The rise of machine learning is driving up power densities inside data centers of companies that deploy servers filled with GPUs and other types of accelerator processors. Well into the neighborhood of 30kW to 50kW per rack, these densities are driving some operators to turn to liquid instead of air for cooling.
While some data center operators use liquid cooling to make their facilities more efficient, most of the growth in adoption of these technologies is driven by the need to cool higher-density racks.
But the switch from air to liquid isn’t simple. Here are some of the biggest barriers to adoption of liquid cooling in data centers:
1. Two Cooling Systems Instead of One
It rarely makes sense for an existing data center to convert to liquid cooling one rack at a time. The facilities team will have to manage two cooling systems instead of one, Lex Coors, chief data center technology and engineering officer at Interxion, the European colocation giant.
That makes liquid cooling a better option for new data centers, or ones that are due for a major overhaul.

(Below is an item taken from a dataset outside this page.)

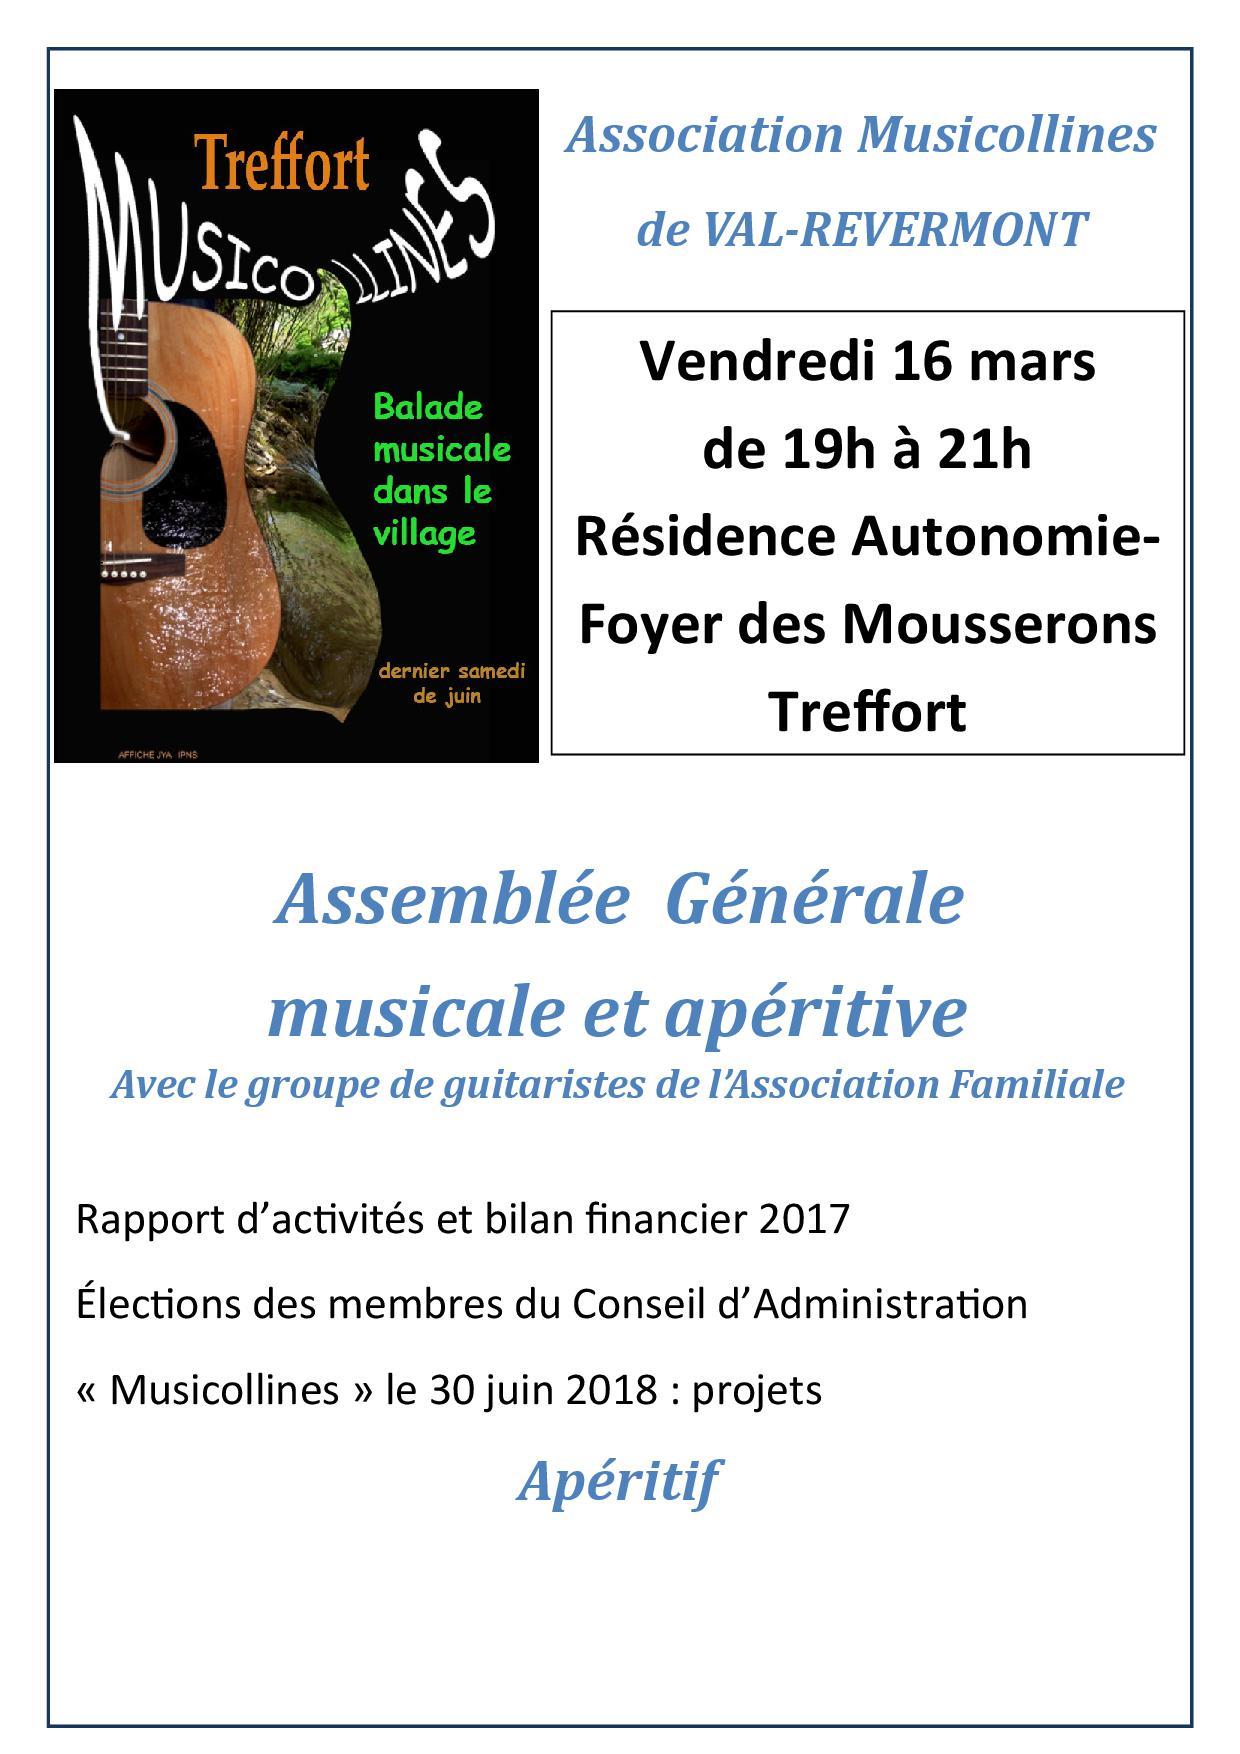 affichettes AG Association Musicollines

There are always exceptions. That’s especially true for hyperscalers, whose unique infrastructure problems often require unique solutions.
For example, Google is currently converting many of the rows in its existing data centers to liquid cooling to deal with power density of its latest machine-learning processors, TPU 3.0.
2. No Standards
Lack of industry standards around liquid cooling is a major obstacle to broad adoption of the technology.
"The customer, first of all, has to come with their own IT equipment ready for liquid cooling," Coors said. "And it's not very standardized -- we can't simply connect it and let it run."
Interxion doesn't currently have any customers using liquid cooling, but the company is ready to support it if necessary, according to Coors.
Many liquid-cooling solutions rely on dielectric liquid, which doesn’t conduct electricity and presents no risk of electrocution. But some do use chilled, or warm water.
"If you touch it, and it starts leaking at that moment, you would get electrocuted," Coors said. "But there are ways around it."
As with any system that involved water flowing through pipes, corrosion is an issue in liquid cooling.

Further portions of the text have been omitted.